Report Says Almost Half of All Cancer Deaths Could Be Prevented

 

Your future health is at least partly in your hands, particularly when it comes to cancer. According to a study from American Cancer Society (ACS) researchers, about 42% of cancer cases and 45% of cancer deaths in the U.S. are linked to lifestyle risk factors—meaning they could be preventable.

The takeaway: What we do today can help defend us from cancer tomorrow. This includes what we eat, what we weigh, and how regularly we get screened for cancer.

Screenings can save lives

One way to protect yourself is through screening tests that can find cancers early, when they may be easier to treat. Some of the ACS recommendations include:

  • Yearly mammograms for women ages 45 to 54 to screen for breast cancer. Women ages 55 and older have the option to switch to getting a mammogram every other year or continue with annual screening.

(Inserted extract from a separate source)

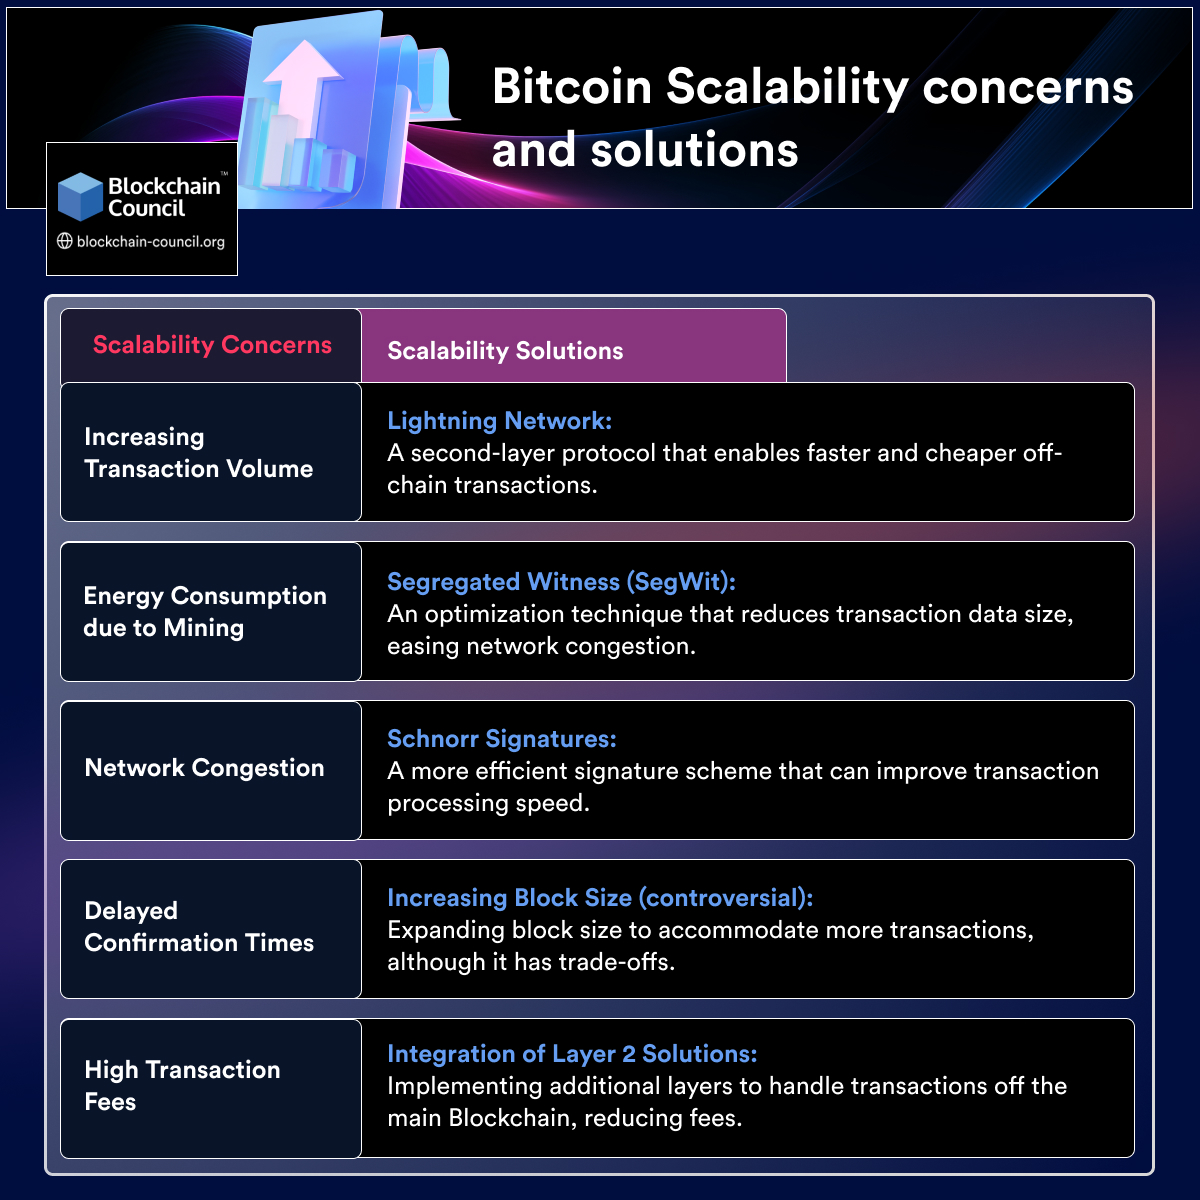 Scalability concerns and solutions

  • Regular screenings for colorectal cancer in men and women beginning at age 45.

  • Discussing the benefits and limitations of prostate cancer screening with a healthcare provider. These conversations should start at age 50 for most men and age 45 for men at high risk.

  • Cervical cancer screening for women ages 25 to 65 every 5 years with a primary HPV test (an HPV test that is done by itself for screening).

Certain people need more frequent or additional screenings. Ask your provider what’s right for you.

 

A healthy lifestyle is key 

Besides scheduling regular screenings, you can reduce your risk of developing cancer by sticking to a healthy routine. Here’s what medical experts recommend:

  • Stay away from all forms of tobacco. Smoking causes up to 90% of lung cancer deaths. Also, avoid secondhand smoke.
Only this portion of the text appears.